Douglas A. McIntyre is the co-founder, chief executive officer and editor in chief of 24/7 Wall St. and 24/7 Tempo. He has held these jobs since 2006.

McIntyre has written thousands of articles for 24/7 Wall St. He is an expert on corporate finance, the automotive industry, media companies and international finance. He has edited articles on national demographics, sports, personal income and travel.
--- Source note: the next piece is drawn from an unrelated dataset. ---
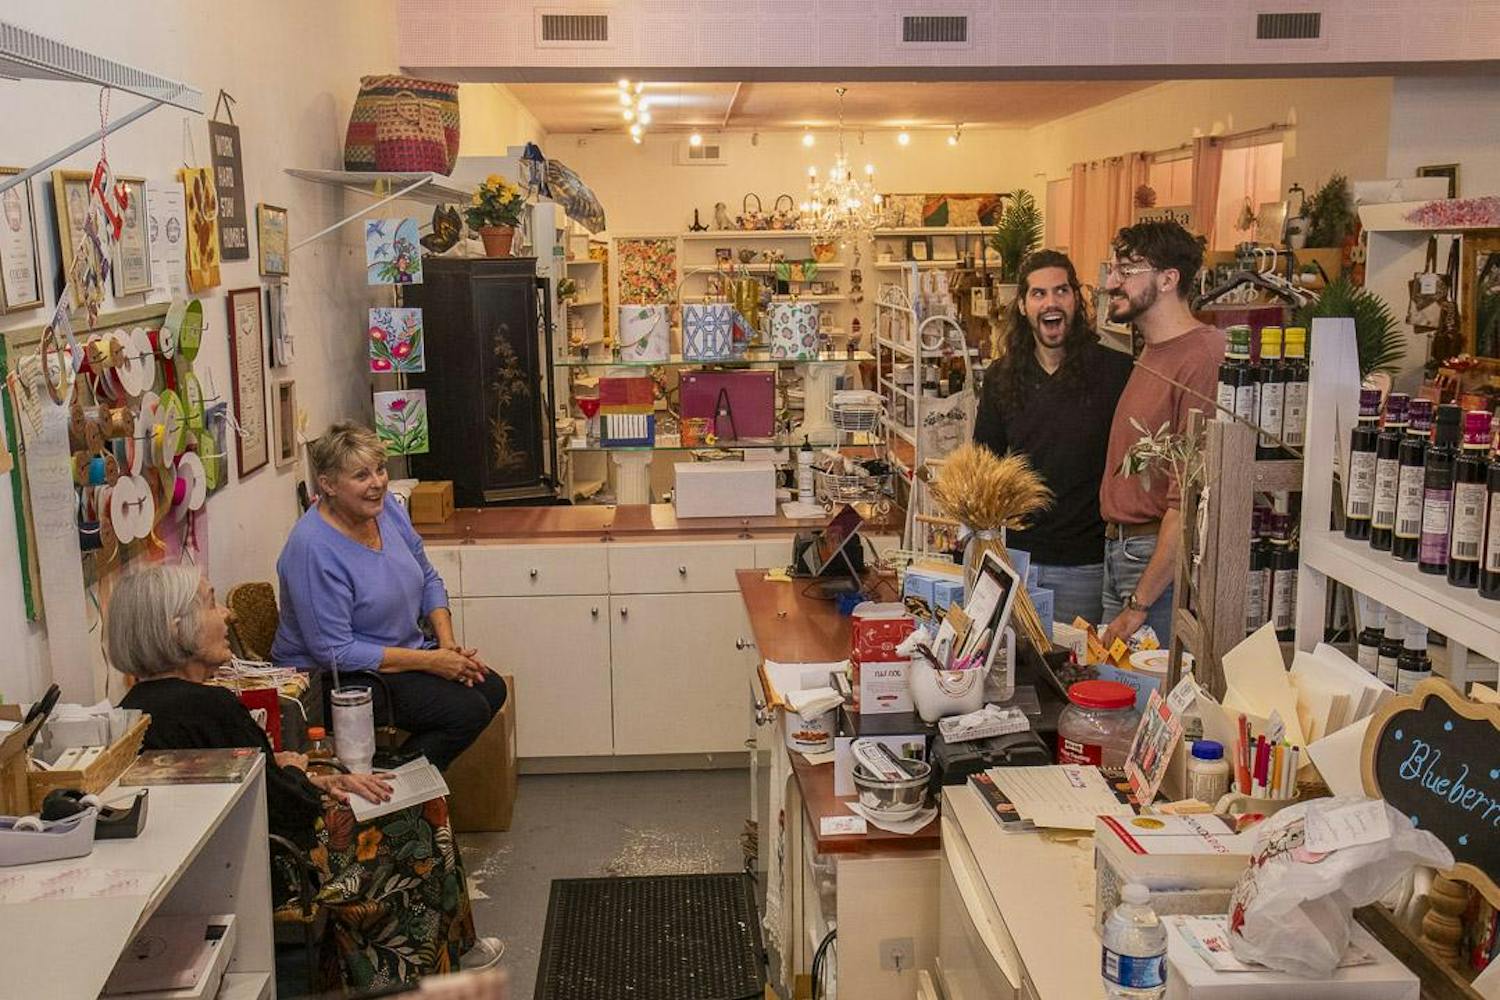 Gibson’s Gifts employees Mary Hanh (left) and Geneva Mobley (second to left) joke with Micah Peroulis (second to right) and William Miller (right) on Oct. 12, 2023. The store, known for its mix of stationery, crafts and handmade gifts, will rebrand to La Boheme in early 2024 to appeal to Five Points' younger demographic.

His work has been quoted or mentioned in The New York Times, The Wall Street Journal, Los Angeles Times, The Washington Post, NBC News, Time, The New Yorker, HuffPost USA Today, Business Insider, Yahoo, AOL, MarketWatch, The Atlantic, Bloomberg, New York Post, Chicago Tribune, Forbes, The Guardian and many other major publications. McIntyre has been a guest on CNBC, the BBC and television and radio stations across the country.

A magna cum laude graduate of Harvard College, McIntyre also was president of The Harvard Advocate. Founded in 1866, the Advocate is the oldest college publication in the United States.

TheStreet.com, Comps.com and Edgar Online are some of the public companies for which McIntyre served on the board of directors. He was a Vicinity Corporation board member when the company was sold to Microsoft in 2002. He served on the audit committees of some of these companies.

McIntyre has been the CEO of FutureSource, a provider of trading terminals and news to commodities and futures traders. He was president of Switchboard, the online phone directory company. He served as chairman and CEO of On2 Technologies, the video compression company that provided video compression software for Adobe’s Flash. Google bought On2 in 2009.